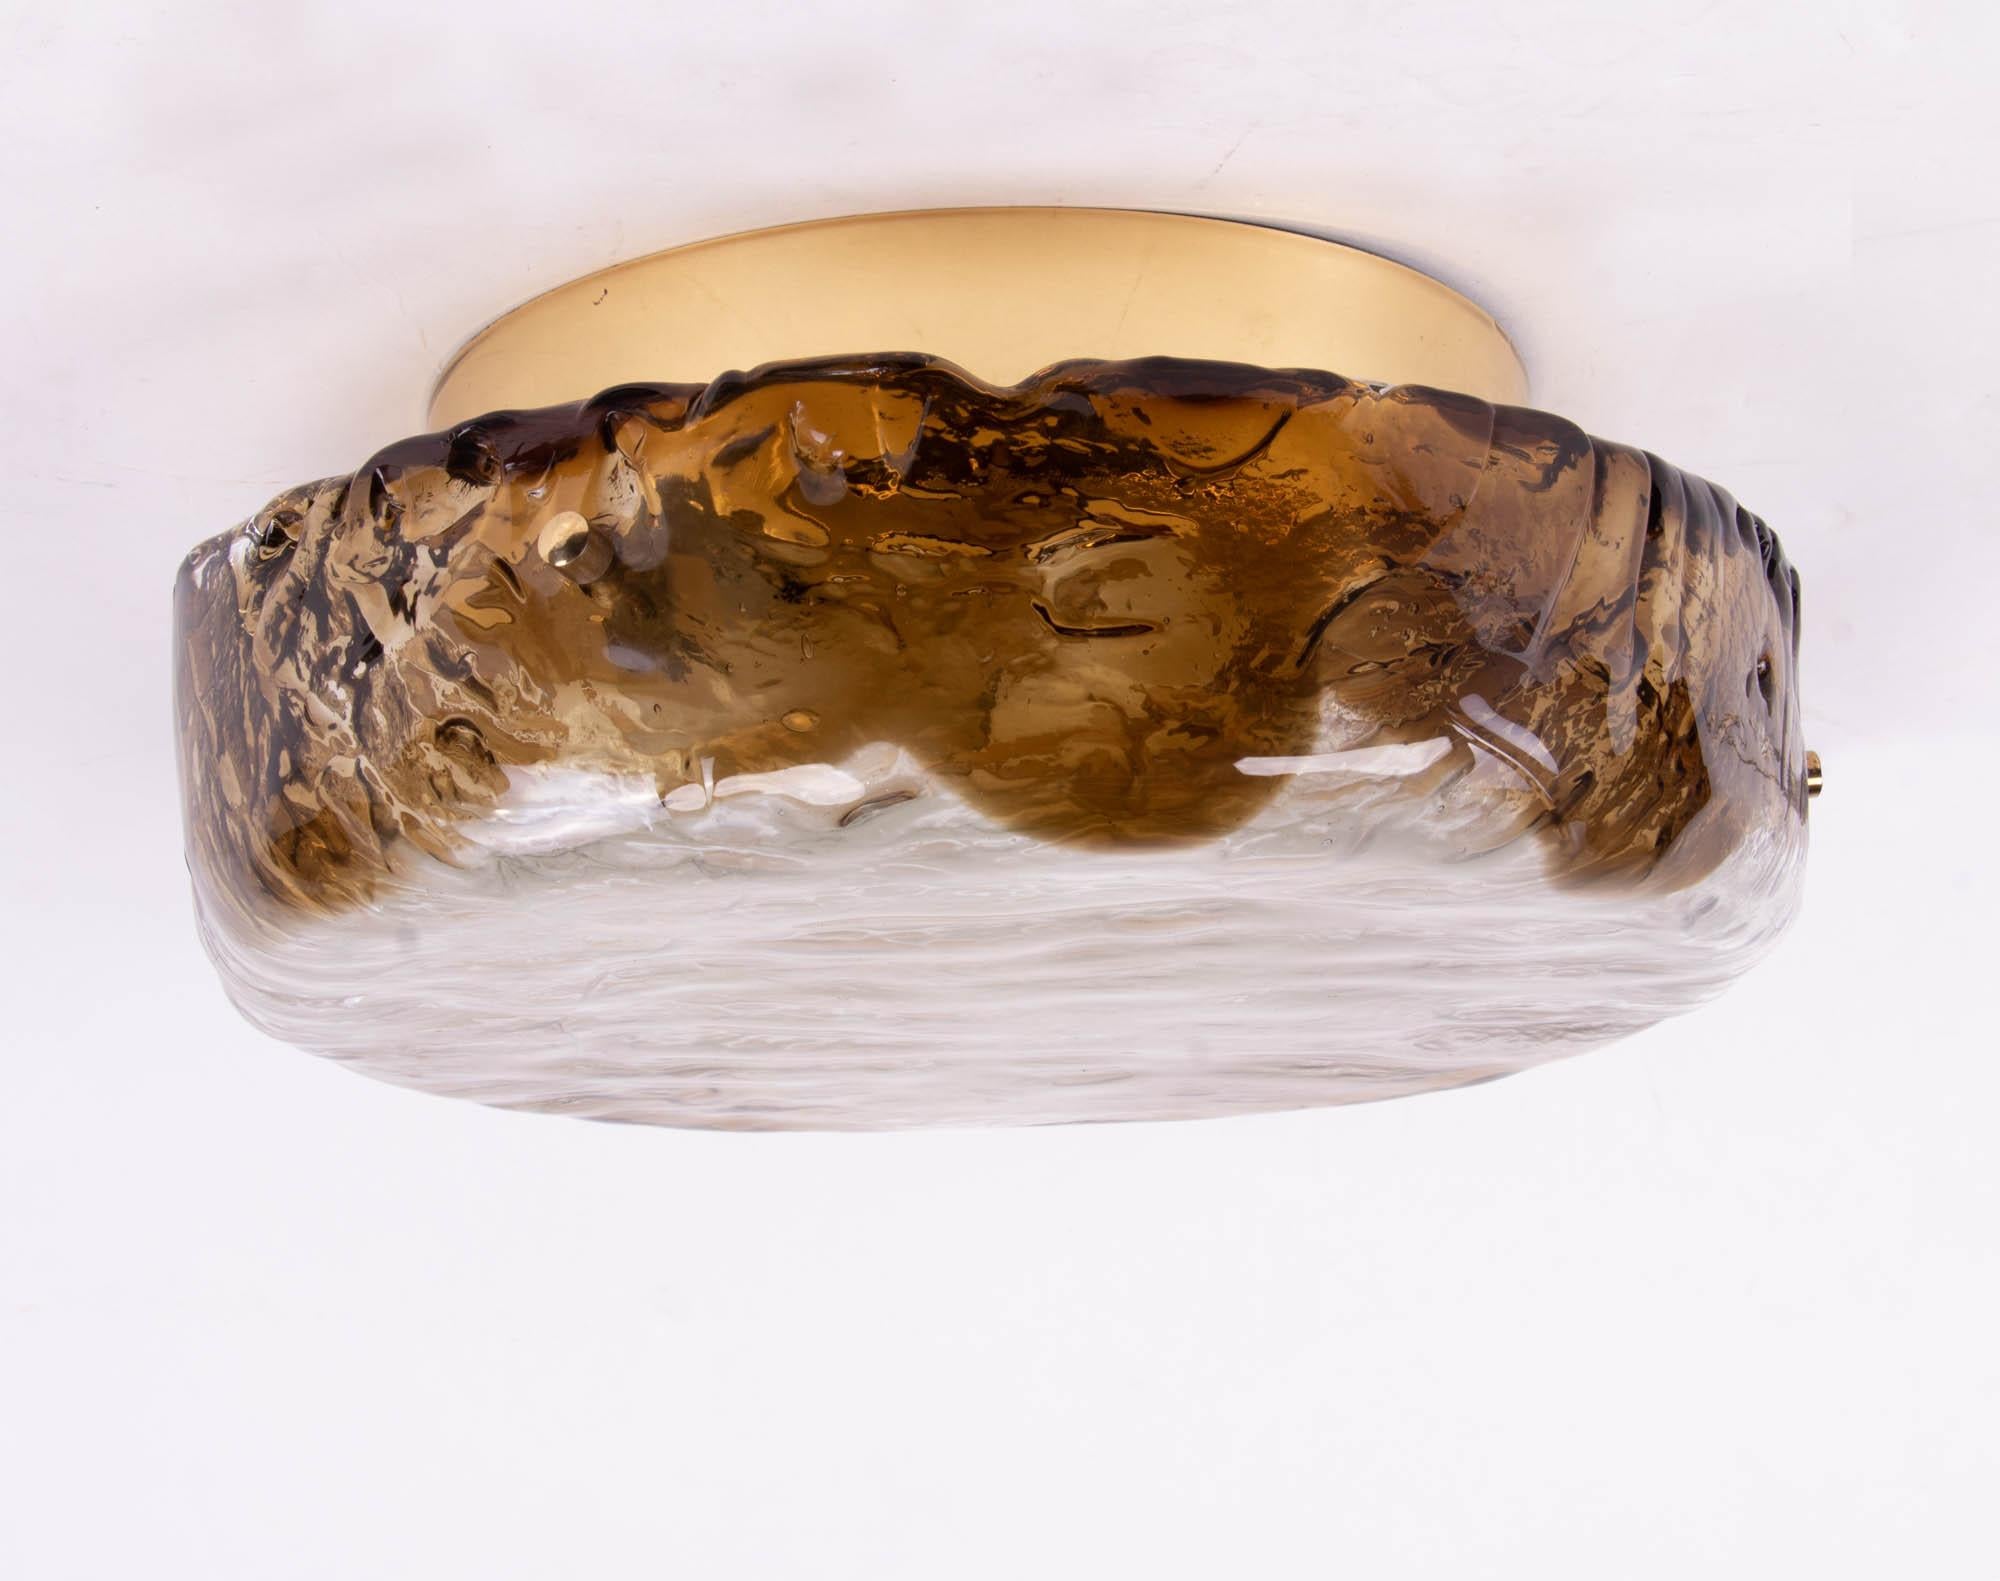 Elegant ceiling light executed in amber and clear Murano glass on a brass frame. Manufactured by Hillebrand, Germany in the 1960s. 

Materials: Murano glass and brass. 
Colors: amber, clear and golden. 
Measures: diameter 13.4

= = =

● **Problem**
Pictures must not appear in the copy, which must otherwise match the listing exactly.

● **Result**
 Elegant ceiling light executed in amber and clear Murano glass on a brass frame. Manufactured by Hillebrand, Germany in the 1960s. 

Materials: Murano glass and brass. 
Colors: amber, clear and golden. 
Measures: diameter 13.4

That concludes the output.